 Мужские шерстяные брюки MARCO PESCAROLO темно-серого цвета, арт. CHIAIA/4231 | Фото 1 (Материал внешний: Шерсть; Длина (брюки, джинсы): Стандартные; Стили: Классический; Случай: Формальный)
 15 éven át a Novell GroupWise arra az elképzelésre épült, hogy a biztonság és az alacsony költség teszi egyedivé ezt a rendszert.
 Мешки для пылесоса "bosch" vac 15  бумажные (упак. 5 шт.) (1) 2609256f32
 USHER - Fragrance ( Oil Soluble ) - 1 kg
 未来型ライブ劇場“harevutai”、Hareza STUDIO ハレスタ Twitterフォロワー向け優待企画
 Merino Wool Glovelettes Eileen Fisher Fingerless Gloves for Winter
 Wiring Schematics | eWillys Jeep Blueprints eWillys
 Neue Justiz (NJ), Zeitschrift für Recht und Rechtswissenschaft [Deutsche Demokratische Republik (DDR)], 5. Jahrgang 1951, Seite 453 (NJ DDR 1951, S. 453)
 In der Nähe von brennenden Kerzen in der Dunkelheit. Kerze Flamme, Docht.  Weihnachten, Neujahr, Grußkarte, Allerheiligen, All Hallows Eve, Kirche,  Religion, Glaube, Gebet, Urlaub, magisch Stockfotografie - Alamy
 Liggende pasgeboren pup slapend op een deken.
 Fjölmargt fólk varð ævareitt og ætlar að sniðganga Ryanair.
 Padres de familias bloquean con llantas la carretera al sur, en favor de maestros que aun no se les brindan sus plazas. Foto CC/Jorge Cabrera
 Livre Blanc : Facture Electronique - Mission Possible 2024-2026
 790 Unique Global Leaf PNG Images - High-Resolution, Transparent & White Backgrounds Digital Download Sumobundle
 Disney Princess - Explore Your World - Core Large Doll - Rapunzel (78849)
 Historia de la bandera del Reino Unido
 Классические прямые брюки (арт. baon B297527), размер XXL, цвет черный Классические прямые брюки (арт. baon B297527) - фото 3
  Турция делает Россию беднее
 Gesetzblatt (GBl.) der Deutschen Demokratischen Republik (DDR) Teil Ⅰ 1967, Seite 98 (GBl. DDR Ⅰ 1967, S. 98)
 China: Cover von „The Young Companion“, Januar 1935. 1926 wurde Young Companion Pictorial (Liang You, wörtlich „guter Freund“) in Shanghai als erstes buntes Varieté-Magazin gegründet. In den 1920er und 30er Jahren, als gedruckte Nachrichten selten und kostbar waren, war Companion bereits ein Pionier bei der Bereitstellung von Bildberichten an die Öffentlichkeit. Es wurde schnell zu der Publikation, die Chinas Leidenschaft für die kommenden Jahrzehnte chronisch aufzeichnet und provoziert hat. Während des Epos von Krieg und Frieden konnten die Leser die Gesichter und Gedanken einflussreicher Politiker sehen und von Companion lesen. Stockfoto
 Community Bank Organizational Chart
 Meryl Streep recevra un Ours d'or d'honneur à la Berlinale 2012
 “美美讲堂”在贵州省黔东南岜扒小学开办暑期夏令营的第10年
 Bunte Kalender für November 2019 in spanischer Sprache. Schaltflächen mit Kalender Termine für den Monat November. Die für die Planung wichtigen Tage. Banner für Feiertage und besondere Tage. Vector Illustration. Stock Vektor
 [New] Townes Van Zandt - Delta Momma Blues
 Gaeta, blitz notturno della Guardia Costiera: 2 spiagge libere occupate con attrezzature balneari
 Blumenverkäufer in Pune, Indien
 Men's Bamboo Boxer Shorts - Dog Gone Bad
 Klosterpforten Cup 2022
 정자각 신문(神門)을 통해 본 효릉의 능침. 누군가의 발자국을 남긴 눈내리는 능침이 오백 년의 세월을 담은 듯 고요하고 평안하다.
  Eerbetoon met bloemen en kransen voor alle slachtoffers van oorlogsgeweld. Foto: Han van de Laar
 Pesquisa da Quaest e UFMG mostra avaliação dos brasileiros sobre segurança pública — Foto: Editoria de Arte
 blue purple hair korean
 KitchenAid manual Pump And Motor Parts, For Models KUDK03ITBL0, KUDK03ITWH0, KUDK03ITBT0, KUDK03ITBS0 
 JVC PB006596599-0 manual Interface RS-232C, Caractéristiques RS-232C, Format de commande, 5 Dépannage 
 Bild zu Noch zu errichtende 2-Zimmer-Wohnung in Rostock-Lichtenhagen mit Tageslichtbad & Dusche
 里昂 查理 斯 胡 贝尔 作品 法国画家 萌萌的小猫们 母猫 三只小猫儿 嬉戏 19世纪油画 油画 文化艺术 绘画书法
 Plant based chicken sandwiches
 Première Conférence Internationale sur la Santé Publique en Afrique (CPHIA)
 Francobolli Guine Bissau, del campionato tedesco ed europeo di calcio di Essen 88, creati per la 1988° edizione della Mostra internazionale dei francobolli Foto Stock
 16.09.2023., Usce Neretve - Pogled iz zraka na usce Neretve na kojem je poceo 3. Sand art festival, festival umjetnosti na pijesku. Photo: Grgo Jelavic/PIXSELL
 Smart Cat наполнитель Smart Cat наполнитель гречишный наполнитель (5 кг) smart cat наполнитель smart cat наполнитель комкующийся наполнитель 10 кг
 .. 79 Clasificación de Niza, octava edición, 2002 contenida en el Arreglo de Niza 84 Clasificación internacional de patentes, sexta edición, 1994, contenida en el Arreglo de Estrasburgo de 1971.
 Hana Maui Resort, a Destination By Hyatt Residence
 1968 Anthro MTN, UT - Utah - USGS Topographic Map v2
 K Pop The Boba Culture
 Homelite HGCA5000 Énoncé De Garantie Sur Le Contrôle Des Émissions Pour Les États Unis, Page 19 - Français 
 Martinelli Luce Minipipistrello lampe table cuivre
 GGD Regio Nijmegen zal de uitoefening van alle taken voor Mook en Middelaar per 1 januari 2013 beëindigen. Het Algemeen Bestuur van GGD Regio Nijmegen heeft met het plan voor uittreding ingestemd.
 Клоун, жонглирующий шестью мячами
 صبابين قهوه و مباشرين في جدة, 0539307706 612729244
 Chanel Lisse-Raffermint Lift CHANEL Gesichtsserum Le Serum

▶ **What the exercise asks**
Every line above from the line with "Gaeta, blitz notturno" to the line with "정자각 신문(神門)을 통해", both included, must be reproduced exactly, and no other line may appear.

▶ **Solution to this exercise**
 Gaeta, blitz notturno della Guardia Costiera: 2 spiagge libere occupate con attrezzature balneari
 Blumenverkäufer in Pune, Indien
 Men's Bamboo Boxer Shorts - Dog Gone Bad
 Klosterpforten Cup 2022
 정자각 신문(神門)을 통해 본 효릉의 능침. 누군가의 발자국을 남긴 눈내리는 능침이 오백 년의 세월을 담은 듯 고요하고 평안하다.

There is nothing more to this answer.